_Raw data_

________________

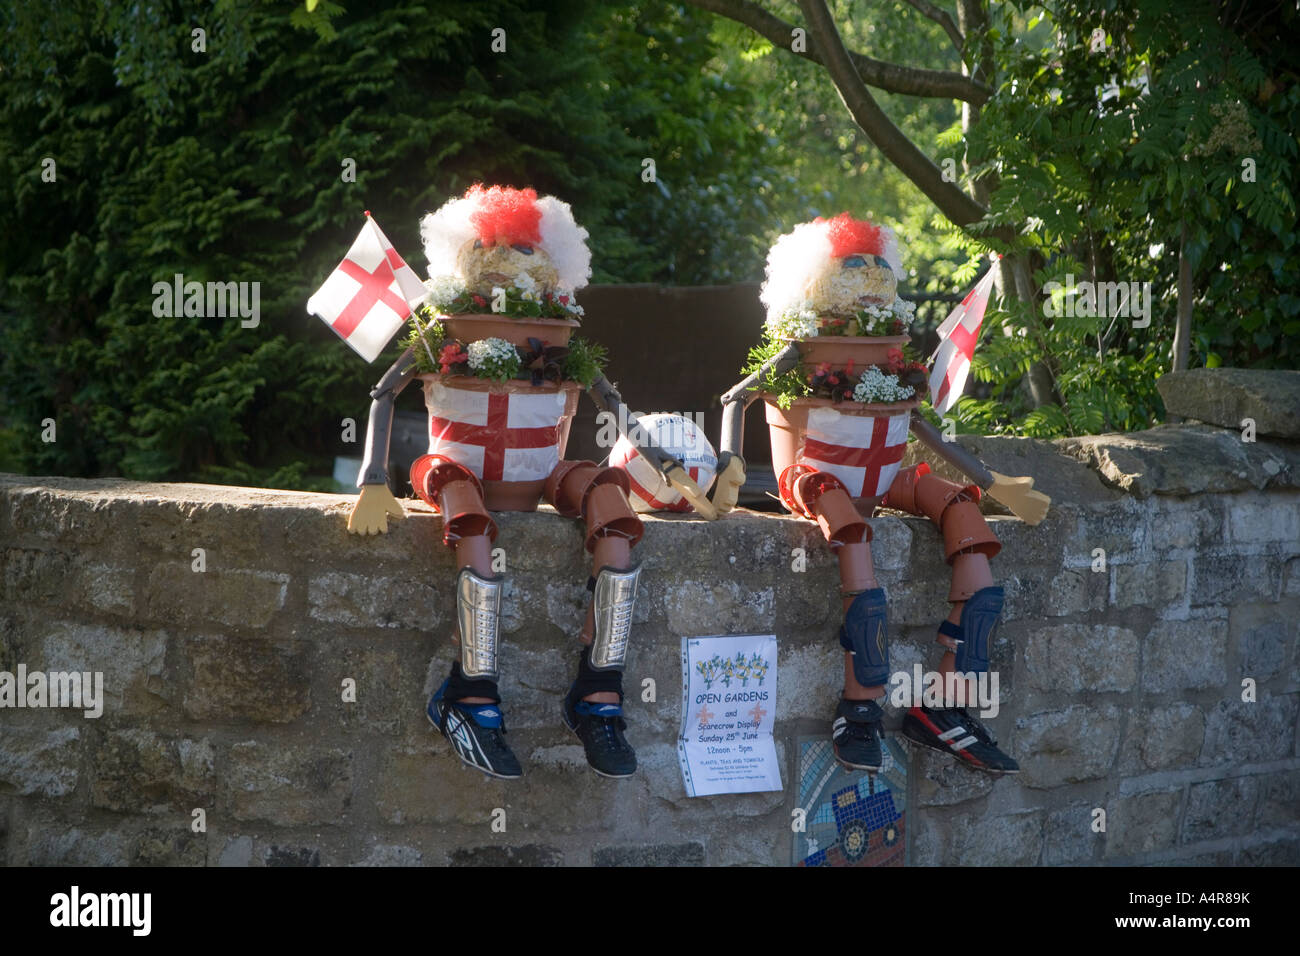 Modèles de Bill et Ben le pot de fleurs hommes habillés et en Angleterre les supporters de football ont siégé en un mur de jardin Wass Angleterre Yorkshire UK Banque D'Images
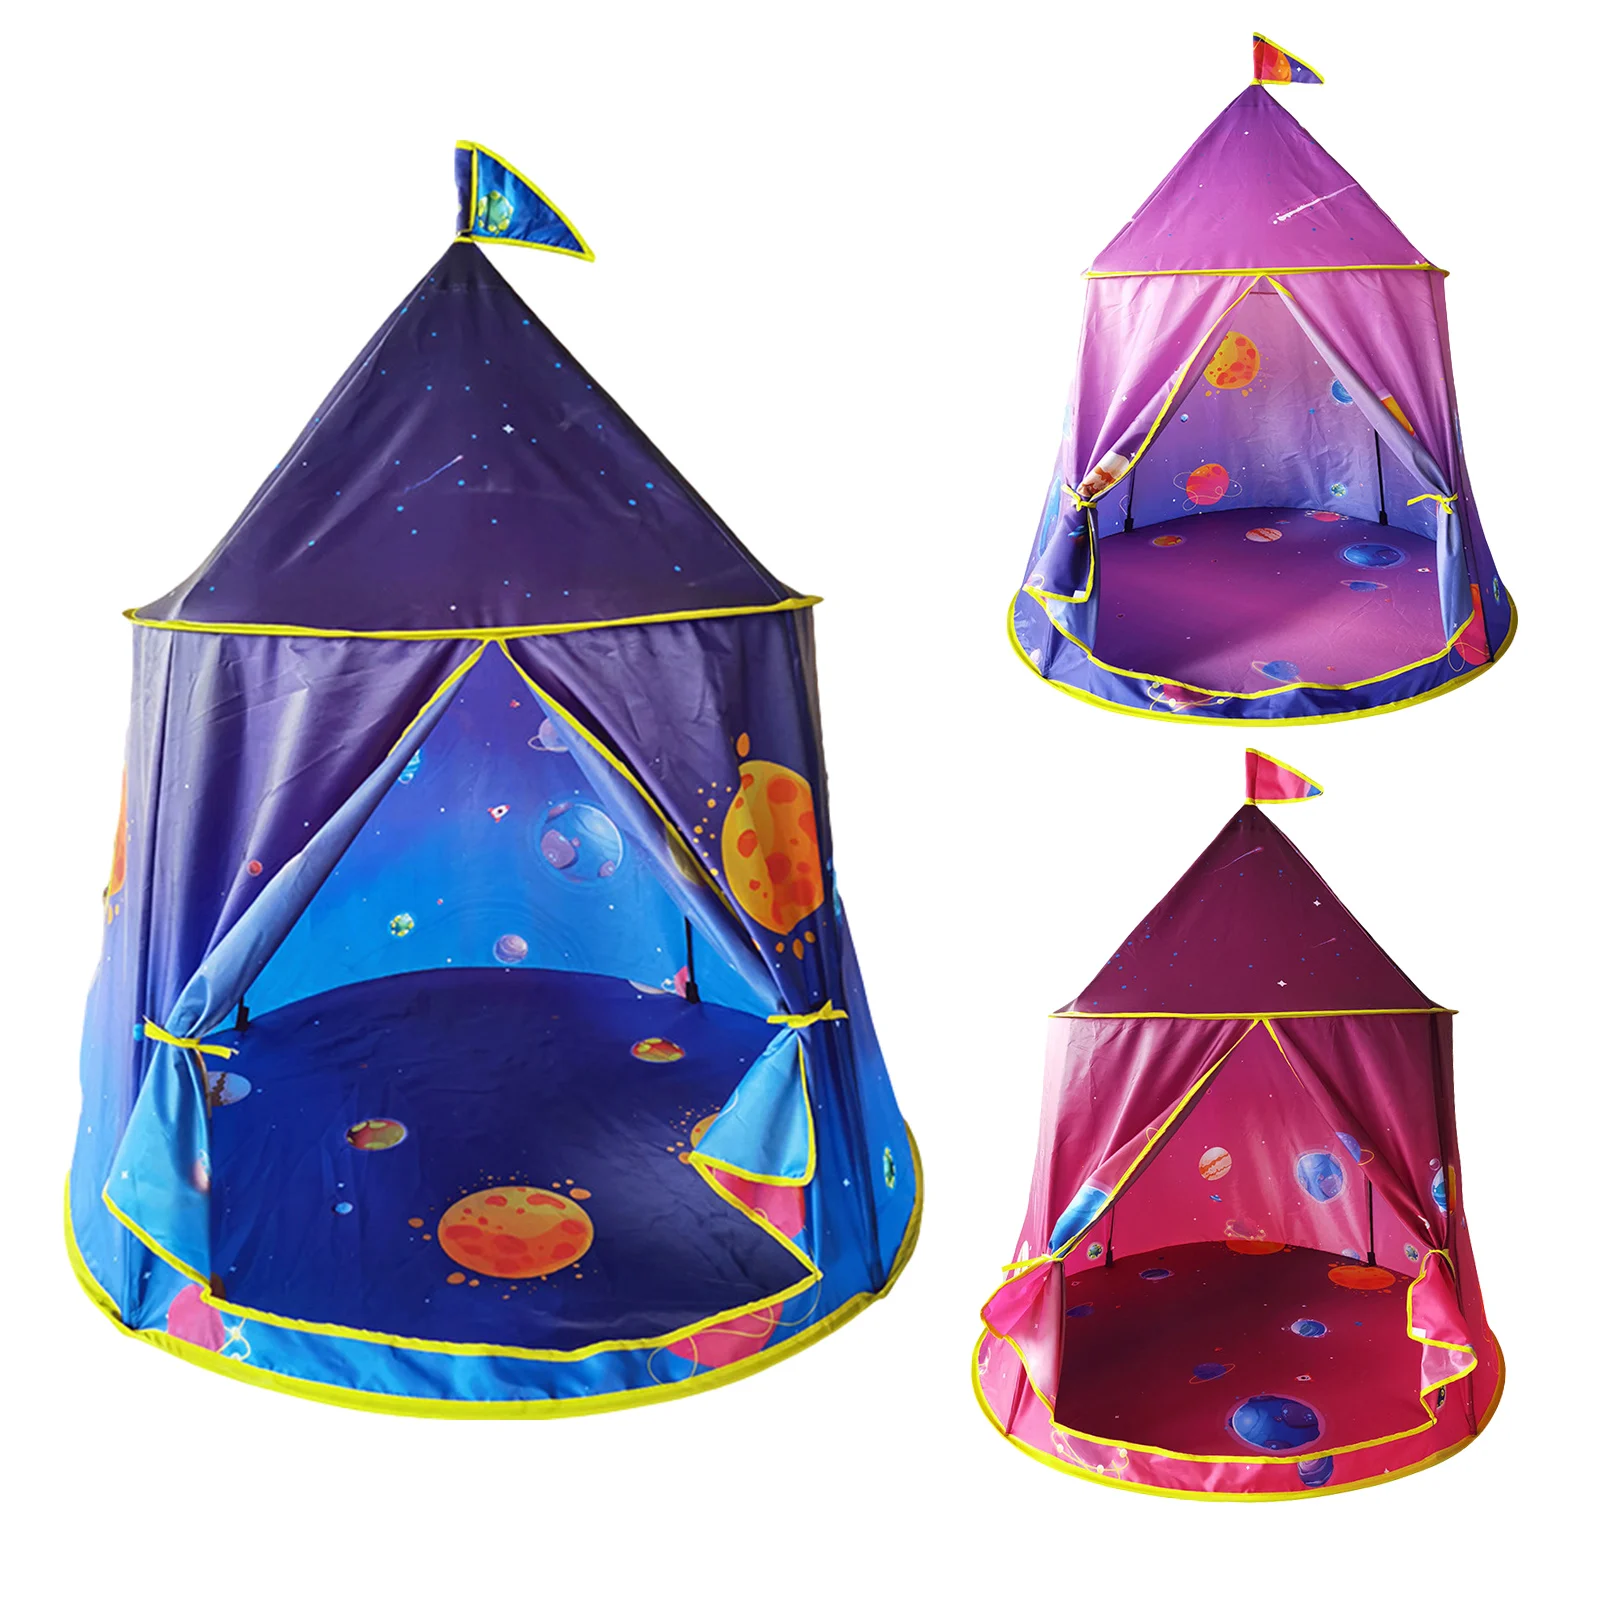 

Kids Play Tent Space World Fun Tent Playhouse Indoor Privacy Yurt Tent For Kids Children Indoor Outdoor
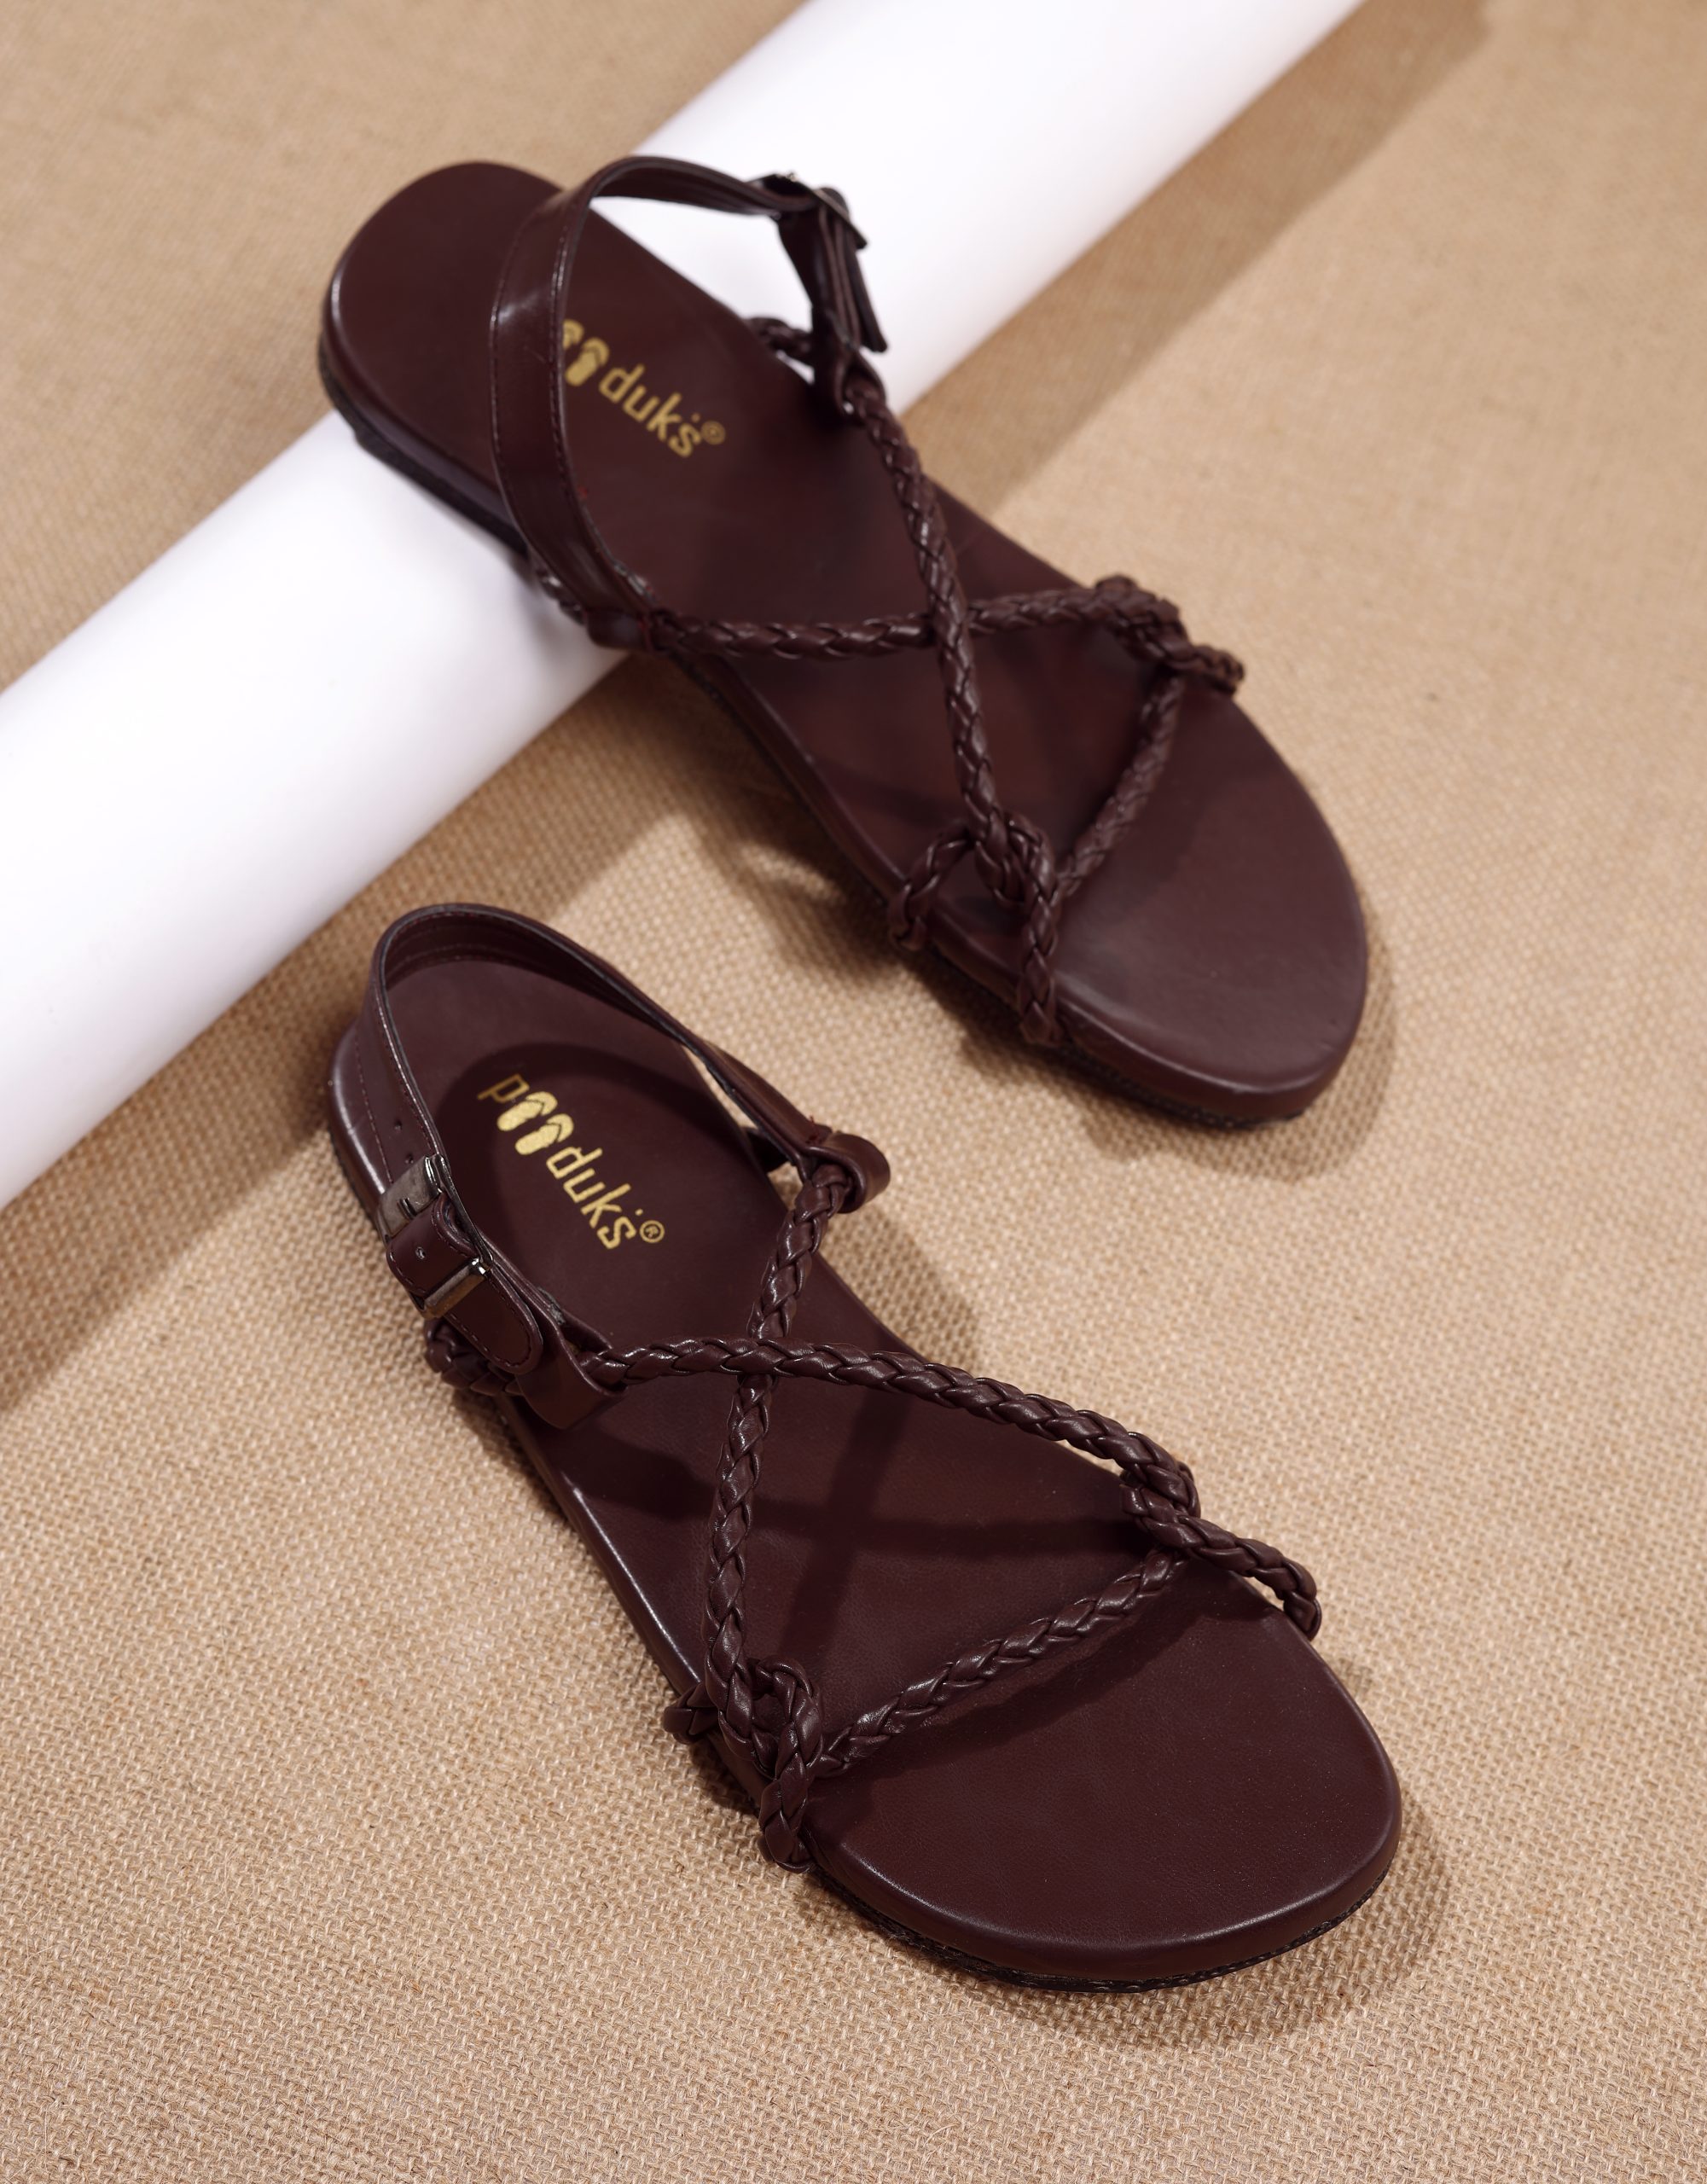 Product: Paaduks Women Corda – Dark Brown Sandals

________________

Once you have returned the line containing "Kids Play Tent", stop; begin at the first line of the material, keep each line exact, and skip the pictures.

_Your solution_
 Modèles de Bill et Ben le pot de fleurs hommes habillés et en Angleterre les supporters de football ont siégé en un mur de jardin Wass Angleterre Yorkshire UK Banque D'Images

Kids Play Tent Space World Fun Tent Playhouse Indoor Privacy Yurt Tent For Kids Children Indoor Outdoor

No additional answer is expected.